Capital Resources and Liquidity
     Capital Resources
     The Company’s primary capital requirements in fiscal 2007 are the upgrading of facilities and systems in existing stores and the funding of its store expansion program, including potential acquisitions of existing store chains. For the nine months ended December 23, 2006, the Company spent $17.0 million principally for equipment and $12.9 million for the acquisition of ProCare stores. Funds were provided primarily by cash flow from operations. Management believes that the Company has sufficient resources available (including cash and equivalents, net cash flow from operations and bank financing) to expand its business as currently planned for the next several years.
     Liquidity
     In March 2003, the Company renewed its credit facility agreement. The amended financing arrangement consisted of an $83.4 million Revolving Credit facility, and a non-amortizing credit loan totaling $26.6 million.
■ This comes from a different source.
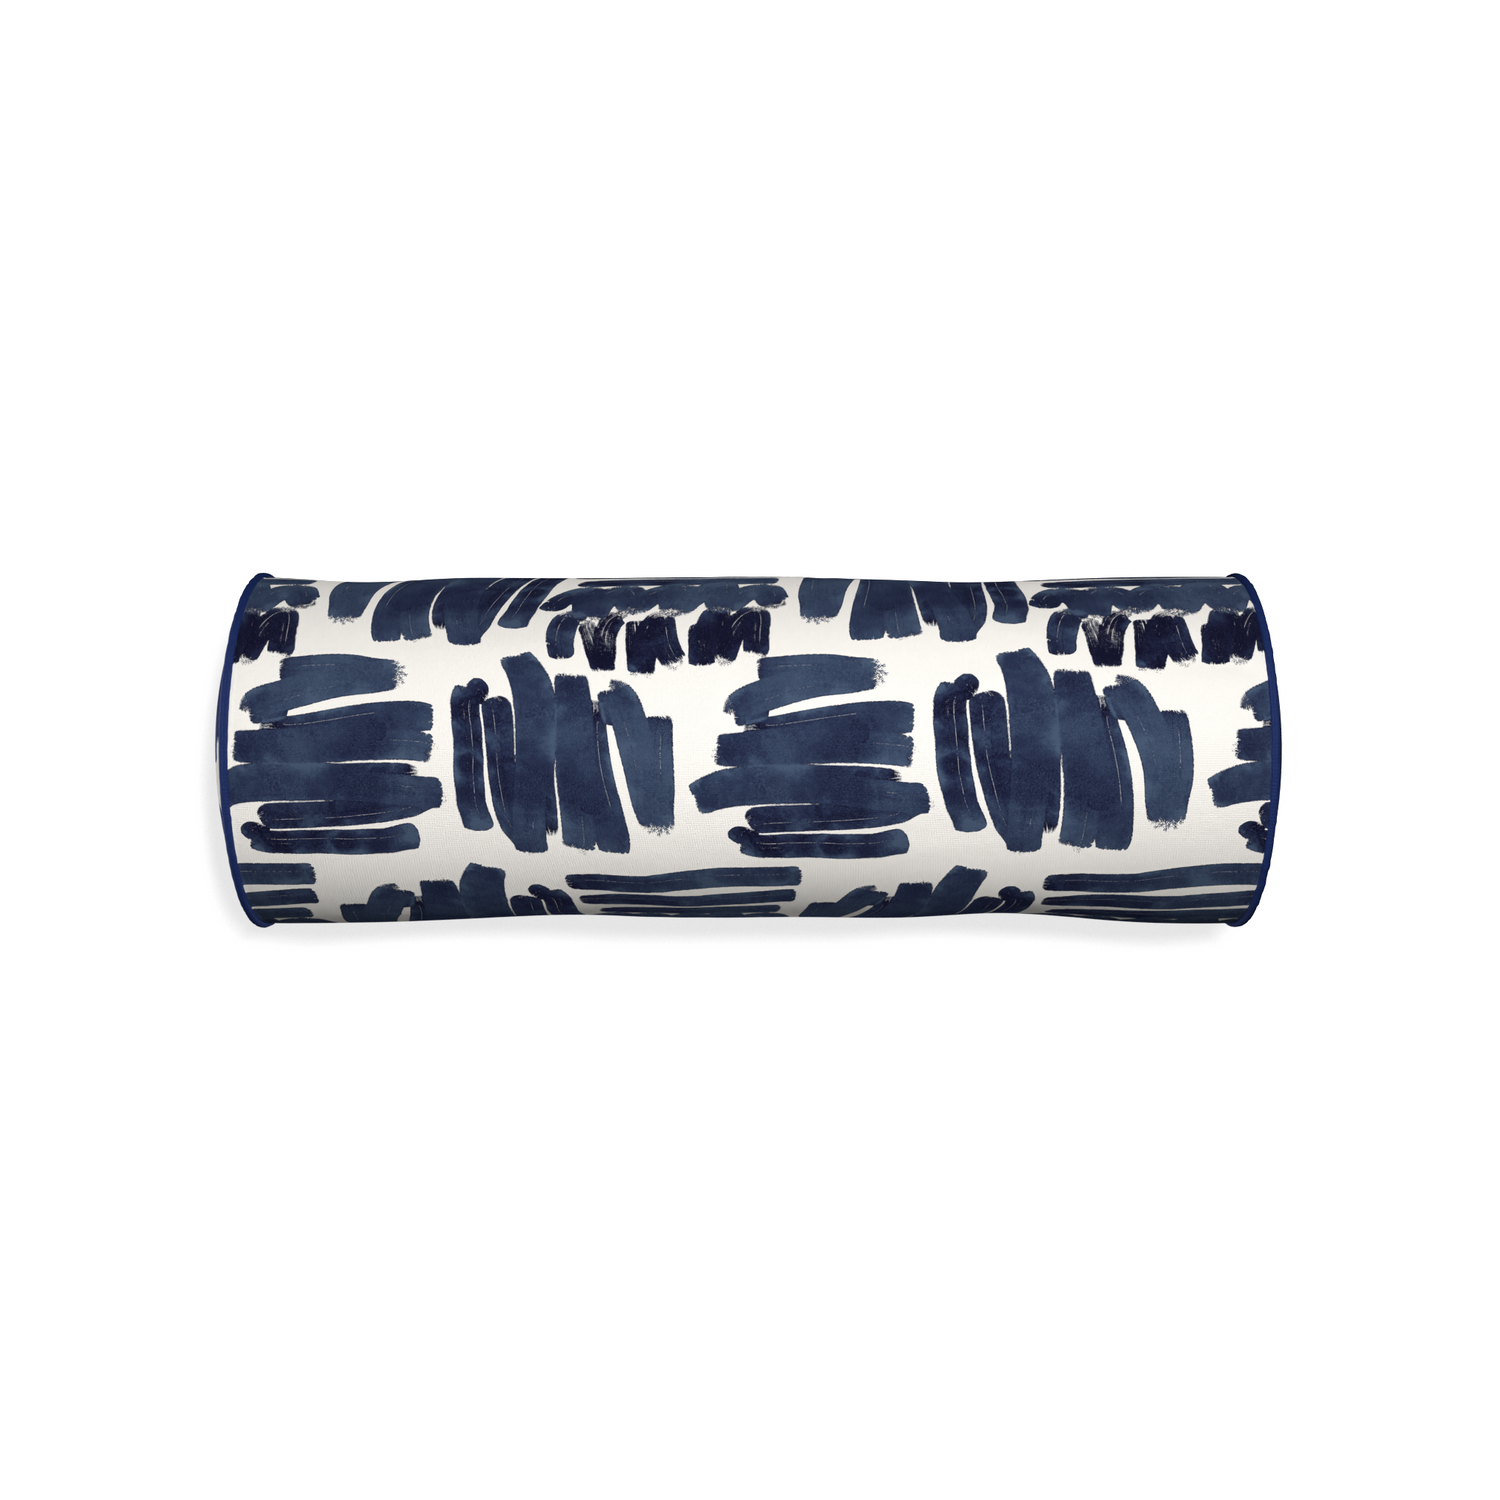 Bolster warby custom pillow with midnight piping on white background

     In July 2005, the Company amended its existing credit facility terms by entering into a five-year, $125 million Revolving Credit Facility agreement (the “Credit Facility”) (of which approximately $24.5 million was outstanding at December 23, 2006) with five banks in the lending syndicate that provided the Company’s prior financing arrangement. Interest only is payable monthly throughout the Credit Facility’s term. The Credit Facility increases the Company’s current borrowing capacity by $15 million to $125 million and includes a provision allowing the Company to expand the amount of the overall facility to $160 million, subject to existing or new lender(s) commitments at that time. The terms of the Credit Facility immediately reduced the spread the Company pays on LIBOR-based borrowings by 50 basis points and permit the payment of cash dividends not to exceed 25% of the preceding year’s net income. Additionally, the amended Credit Facility is not secured by the Company’s real property, although the Company has entered into an agreement not to encumber its real property, with certain permissible exceptions. Other terms of the Credit Facility are generally consistent with the Company’s prior financing agreement.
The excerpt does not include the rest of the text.